Estas preguntas llaman sin duda, para Arendt y para nosotros, a una multiplicidad de
interrogantes. Hoy solo quiero concentrarme en uno de ellos, que refiere a la necesidad
de pensar ese Mal advenido. Arendt supo desde el principio que los crímenes del
totalitarismo, el exterminio en masa, los hornos crematorios, los millones de judíos
muertos en campo de concentración, ya no podían explicarse como estábamos
acostumbrados a explicar los crímenes corrientes -en sus palabras, que “ya no puede(n)
explicarse por motivos de interés propio, codicia, ambición o resentimiento”. Y
entendió también que por eso mismo desafiaban todas las categorías con que solíamos
comprender y juzgar, y que debía enfrentar el reto de intentar comprenderlos por fuera
de las categorías morales o jurídicas que le proveía la tradición. En otras palabras, había
algo, en la forma de ese Mal, que no podría nunca entenderse tratando de remontar a sus
causas, ni sirviéndose de las categorías morales habituales. De ese mal, solía decir
Arendt, sólo podemos decir “eso no debería haber sucedido nunca”. Del mismo modo,
creo que también nosotros tenemos algo para pensar, en el Mal advenido entre nosotros:
¿cómo pudo suceder que aquí, en la Argentina, en los años setenta, pudieran
desaparecer miles de personas, retenidas en condiciones infrahumanas, tiradas vivas de
aviones, enterradas en fosas clandestinas? Hay algo, a mi modo de ver, que no puede
explicarse a partir de explicaciones causales-que estas sean que se trató de poner fin a
un proyecto de liberación, o que era la única forma de derrotar a fuerzas subversivas- ni
tampoco a partir de la calificación de quienes lo hicieron de monstruos sádicos. Hay,
para mí, un enigma –un enigma ético, o ético político– a profundizar en la cuestión de
que grandes cantidades de hombres, o de hombres y mujeres, básicamente normales,
puedan en un momento poner sordina a todas sus convicciones morales, para hacer
cosas horrorosas, o para avalarlas –algo habrán hecho.

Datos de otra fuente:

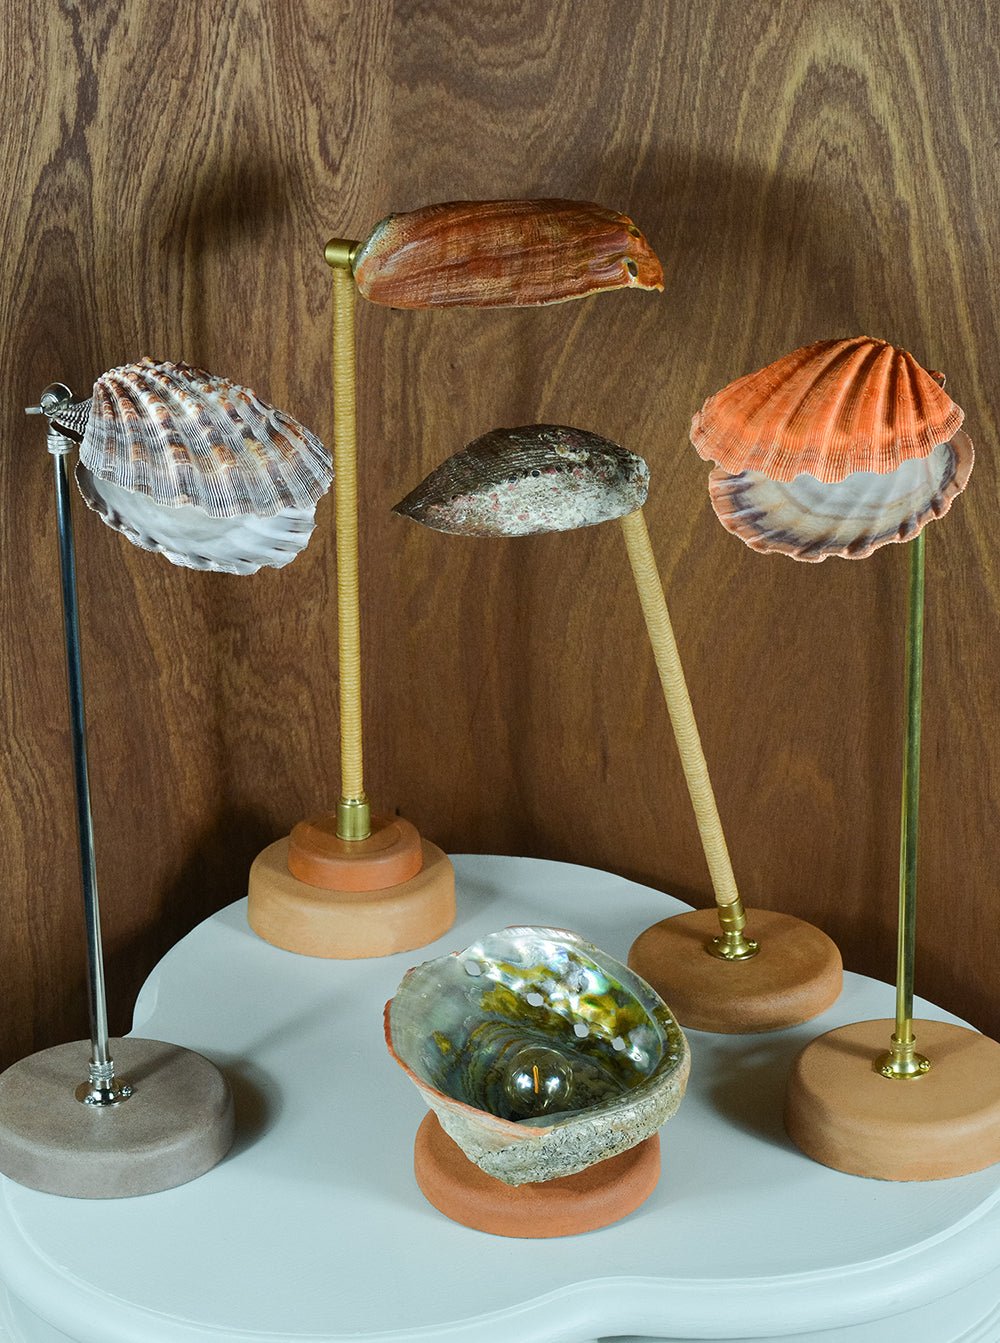 'Abalone Task Lamp' with Natural Seashell Shade — Model No. 021 - Tennant New York

Pero quedémonos, por el momento, en Arendt. El primer camino que se le presentó a


Arendt ante la avasalladora evidencia de un mal más allá de lo imaginable fue el de
enfrentar ese mal con la idea de que se trataba de un mal diabólico, de un mal radical,
esto es, de una voluntad de hacer el mal. Pero si bien adoptó por momentos el lenguaje
del mal radical, e incluso se nutrió de algunas intuiciones que pertenecen a esa dirección
del pensamiento, Arendt rechazó en realidad desde el inicio ese camino. Es decir, desde
el principio Arendt afirma que estamos frente a crímenes que, por su naturaleza
monstruosamente inédita, escapan a nuestra comprensión, y que entonces “no podemos
juzgar ni perdonar”, pero también que no entenderemos nada de lo que sucedió si
creemos que podemos circunscribirlo a una voluntad diabólica de hacer el mal.
Curiosamente, la primera vez que refiere a que no podemos juzgar ni perdonar esos
crímenes es en un artículo de 1946 que se llama, ni más ni menos, “La imagen del
Infierno”; pero en ese mismo año escribe a su profesor y amigo Karl Jaspers que si bien
está convencida de que esos crímenes no se dejan captar con las categorías del interés
propio o la codicia, también es necesario evitar otorgarles grandeza diabólica. Invoca la
imagen del infierno pero a la vez rechaza la apelación a lo diabólico...
En todo caso, para lo que me interesa aquí, entre 1946 y 1961 –entre sus primeros
escritos sobre el nazismo y su presencia en el juicio de Eichmann- Arendt no cesa en su
esfuerzo de comprensión de aquello que ha sucedido, y en ese esfuerzo vuelve varias
veces sobre la idea de mal radical, de un mal que encuentra su fuente en él mismo, en la
voluntad de Mal. Pero cada vez que vuelve sobre esta idea nos transmite la
insatisfacción de que no encuentra allí las claves para pensar aquello que intenta
comprender. Porque allí donde este mal es nombrado o intuido Arendt siempre vuelve a
toparse con la imposibilidad de la filosofía de decir algo más al respecto –en Kant,
quien le provee el término de Mal radical– o en el Evangelio, que nombra ese mal más
allá del mal venial como crimen imperdonable contra el Espíritu Santo. De ese mal, dice
por entonces Arendt, solo podemos afirmar que es imperdonable. No lo podemos
comprender, no lo podemos juzgar, no lo podemos perdonar –sería mejor entonces,
parece sugerir citando las palabras de Jesús en Lucas 17:2, que quien lo comete “no
hubiera nacido o que le ataran una piedra alrededor del cuello y lo echaran al mar”. O
como lo dice ella misma, todavía en el epílogo de Eichmann en Jerusalem: Eichmann
debe ser colgado porque no quiso compartir el mundo con nosotros, y nosotros,
entonces, no queremos compartir el mundo con él.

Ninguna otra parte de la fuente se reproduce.